Can you try [cmd=]dig @8.8.8.8 A ftp5.freebsd.org[/cmd]?


----------



## Anonymous (Jul 5, 2010)

DutchDaemon said:
			
		

> Can you try [cmd=]dig @8.8.8.8 A ftp5.freebsd.org[/cmd]?



It timed out, claiming to find 1 server but not specifying what it was.

On the off chance, I called traceroute ftp5.freebsd.org, and it reported 4 hops (all Verizon, I suppose (130.8.*)) before timing out.


----------



## Anonymous (Jul 5, 2010)

Interestingly, traceroute to the first nameserver also stalls out, but after about 9 hops.


----------



## Anonymous (Jul 5, 2010)

I think I'm going to have to re-install and see whether that helps.  Ugh.  I can't begin to imagine what's going on.


----------



## Anonymous (Jul 5, 2010)

I've reinstalled, kept it as vanilla as I could, and still have the same problem.  

I'm totally baffled.  Could 7.3 itself be broken?


----------



## wblock@ (Jul 5, 2010)

Auld_Besom said:
			
		

> I've reinstalled, kept it as vanilla as I could, and still have the same problem.
> 
> I'm totally baffled.  Could 7.3 itself be broken?

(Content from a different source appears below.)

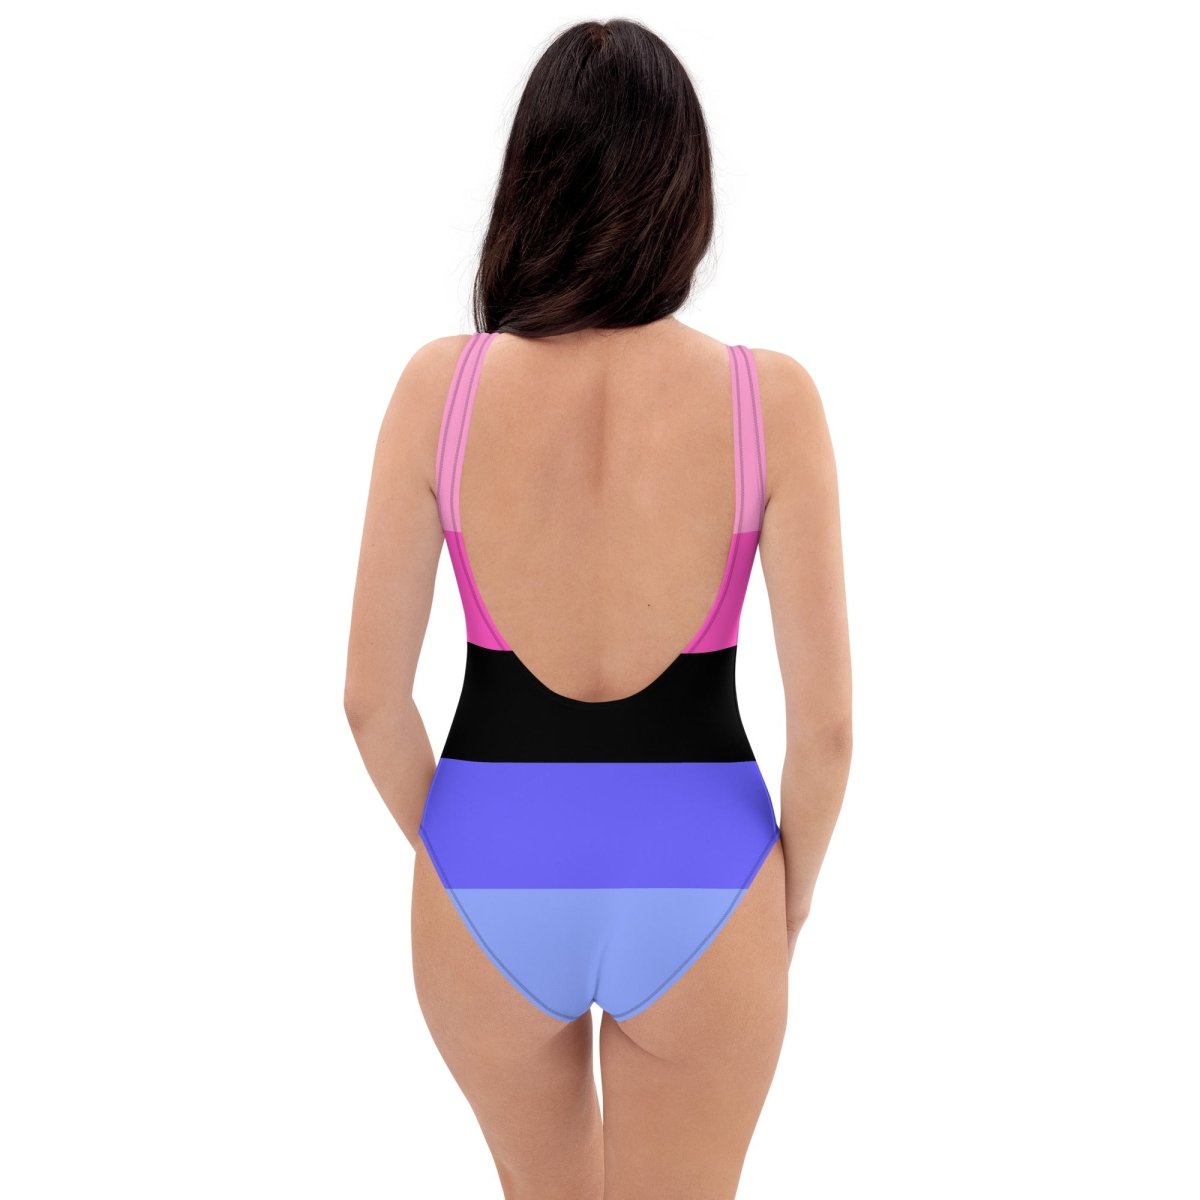 Omnisexual Stripe One-Piece Swimsuit - On Trend Shirts
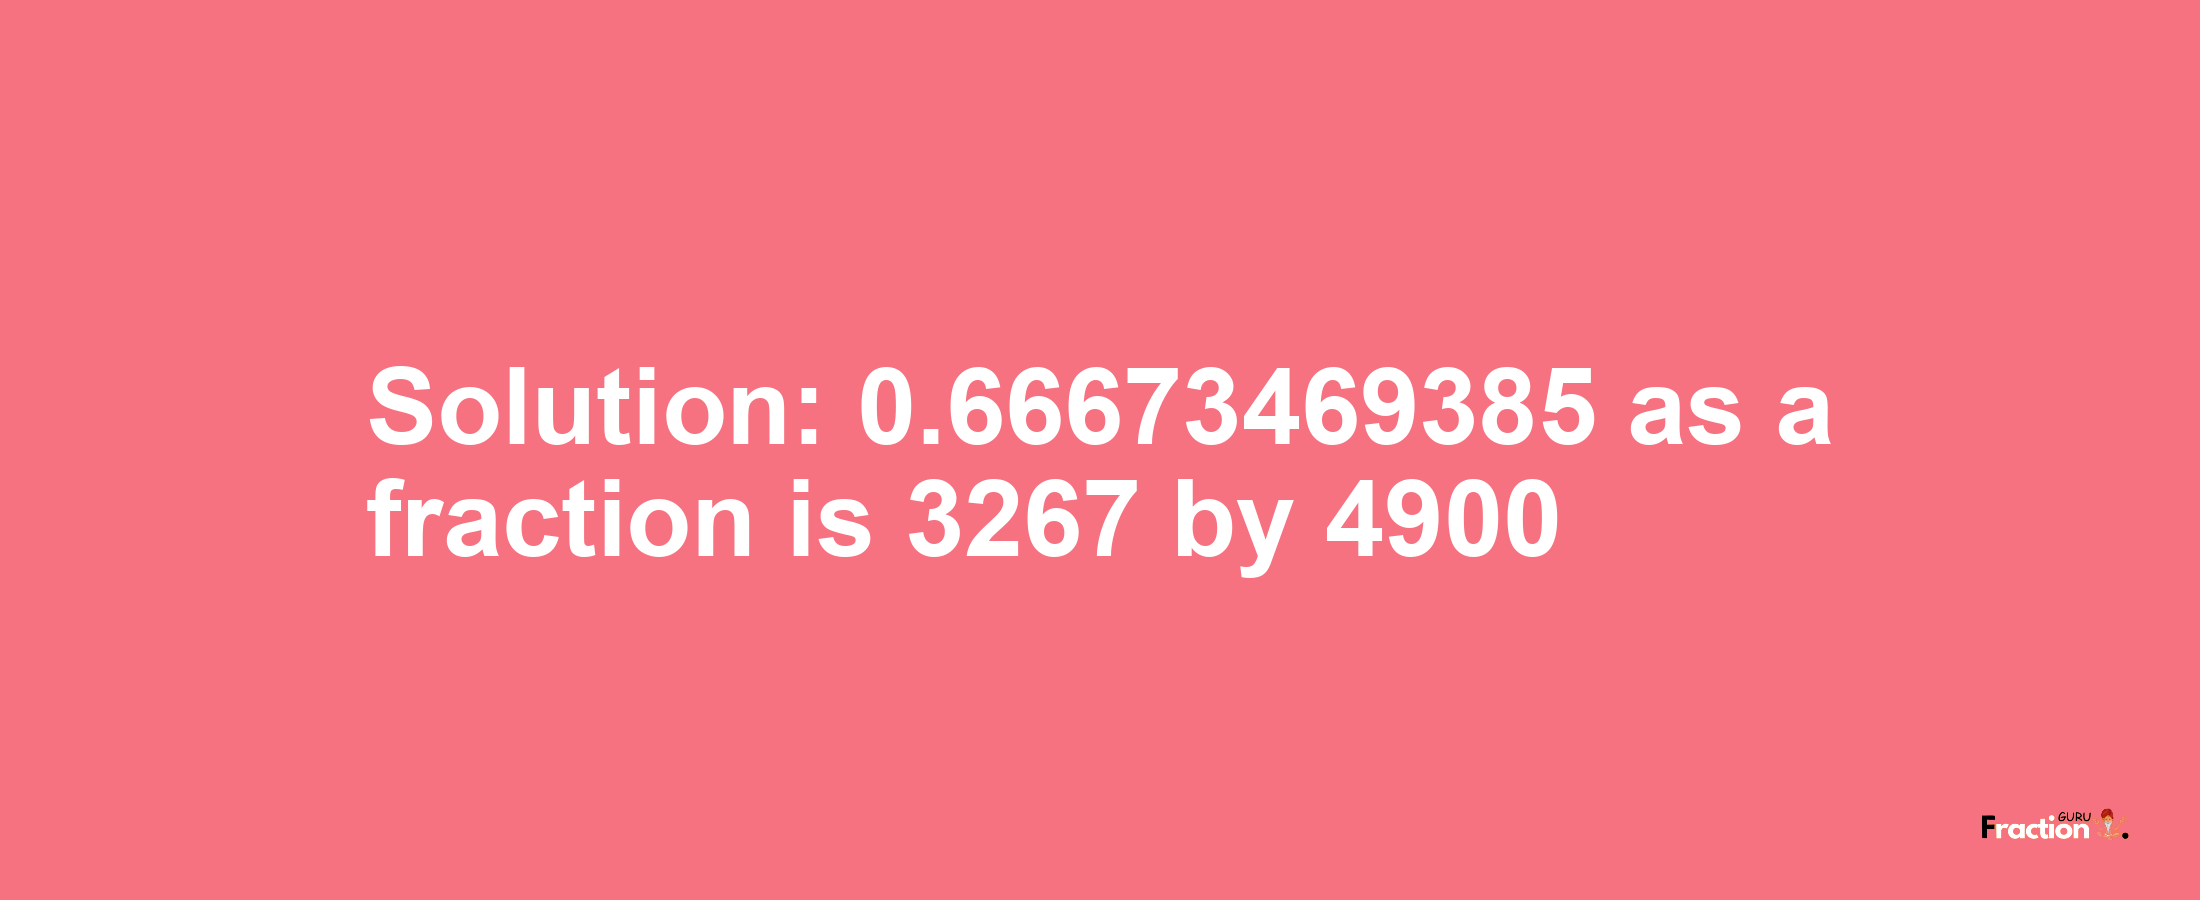 Solution:0.66673469385 as a fraction is 3267/4900

Very unlikely, but possible.  Are you following the PPPoE section of the Handbook?

Have you compared the Windows settings?

9 hops to a DNS server sounds way too far.  Are the IP addresses from PPP (with "enable dns") or manual?

(I've met with a DHCP server that handed out the wrong nameservers to FreeBSD PPP, yet the right ones to Windows.)


----------



## Anonymous (Jul 6, 2010)

wblock said:
			
		

> Very unlikely, but possible.  Are you following the PPPoE section of the Handbook?



Yes, supplemented (when it didn't work) by Waldura's article



> Have you compared the Windows settings?
> 
> 9 hops to a DNS server sounds way too far.  Are the IP addresses from PPP (with "enable dns") or manual?
> 
> (I've met with a DHCP server that handed out the wrong nameservers to FreeBSD PPP, yet the right ones to Windows.)



Good catch, thanks!  It turns out that neither address from "enable dns" whois'd as a nameserver.  When I whois'd (via http://www.who.is) Verizon, the subnet of the first alleged server has the help and mailservers on it down in Carrollton Texas, but is not itself listed.  So I've no idea what its role in life might be, but probably it's not a nameserver.  After that, I tracerouted the listed nameservers and shoved the two closest (3 hops) into /etc/resolv.conf.

Saddeningly, it didn't solve the problem, but I'm that much further along at least.


----------



## Anonymous (Jul 6, 2010)

One more step, but I don't know what it means.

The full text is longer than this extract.